Заметив, что Владимир Кузьмич недоуменно пожал плечами, она гневно повторила:

— Да-да, не позволим! Нянчиться с вами не будем… Учтите, товарищ Ламаш!

— Верно, Галина Порфирьевна! — громко подал голос со своего места второй секретарь Завьялов.

Владимиру Кузьмичу сделалось ясно, что ему не миновать наказания — выговора, а то и чего похуже, — у членов бюро, очевидно, уже сложилось неблагоприятное о нем впечатление.

А Гуляева продолжала рассерженно:

— Он не считается и с колхозниками, не дорожит их доверием, их отношением к себе. Какого мнения будут они о своем председателе, если в самый разгар сева он занимается чепухой. Честное слово, по-иному и назвать не могу его развлечения. Вы сами посудите, чем увлекается председатель… Приезжаю недавно в колхоз, заехала на поле. Смотрю — два трактора прибивают зябь и, кроме них, в поле никого. Спрашиваю у тракториста, бойкий такой, рыжеватый парнишка, где председатель…

— Тракторист Прожогин, — подсказал Тимофей Бандарук, начальник милиции. Он не в милицейской форме — стесняется надевать ее, когда идет на заседания бюро, — а в сером костюме, с куропаточного цвета галстуком.

— Фамилией не интересовалась, — резко сказала Гуляева. — Спрашиваю, где председатель. Не знаю, отвечает, со вчерашнего дня не видел, бригадир был, а председатель нет. Агронома встречаю, Варвару Власьевну, та тоже говорит, что с утра не видела. У кого ни спрошу, никто не видел, никто не знает, пропал председатель, как в воду канул. И вдруг, представьте себе, встречаю его на дороге, знаете, у того самого места, где болотце за рощей. Выходит товарищ Ламаш из кустов, до пояса мокрый, с ружьем, тащит в руках убитую утку…

— Ага! С полем, значит, — вскрикнул Протасов и, откинувшись на спинку кресла, залился тонким смехом.

— С полем или как там, не разбираюсь, — ответила Гуляева и с горечью развела в сторону руки ладонями вверх. — Ну, как можно позволить такое: люди работают, люди в поле, а председатель развлекается. Его повсюду ищут, а он уток стреляет…

— Галина Порфирьевна, сами же говорите, агрегаты не стояли, работали и без меня, — воинственно поднял голову Владимир Кузьмич.

— Еще чего не хватало, чтобы и тракторы простаивали! — ожесточилась Гуляева. — Вы еще тогда отвечали бы здесь.

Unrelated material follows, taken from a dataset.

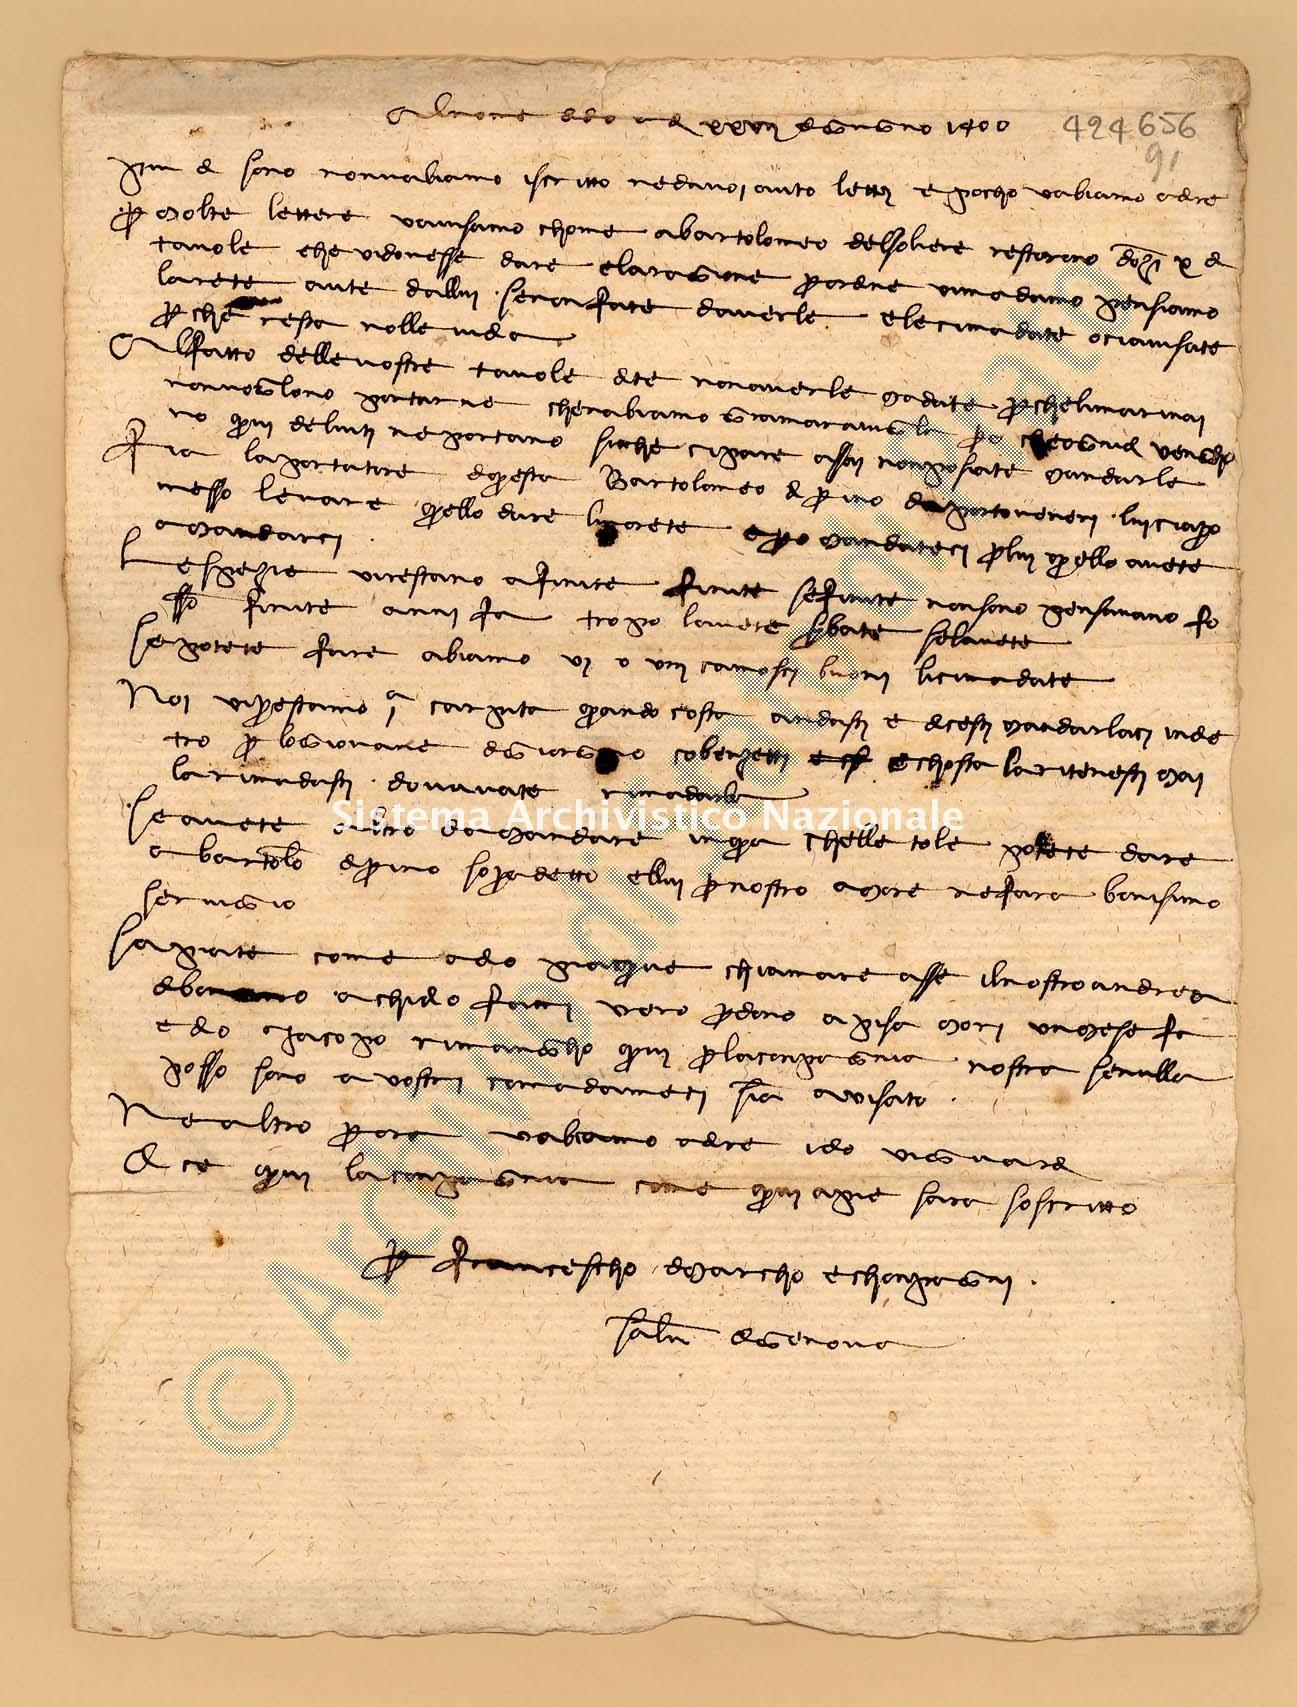 Archivio di Stato di Prato, Fondo Datini, Appendice al carteggio, 1116.171 Lettere Di Datini Francesco Di Marco e Comp. a Dalla Costa Siacro (busta 1116, inserto 171, codice 424656)

— Да, признаться, чудишь ты, Владимир Кузьмич, — словно обрадовавшись чему-то, сказал Завьялов.

Он положил на стол схваченные замком пухлые, с плоскими ногтями руки, из-под жирного, по-детски выпуклого, румяненького лобика вскинул на Ламаша прозрачно-желтые, словно сколыши вешних ледяшек, глаза.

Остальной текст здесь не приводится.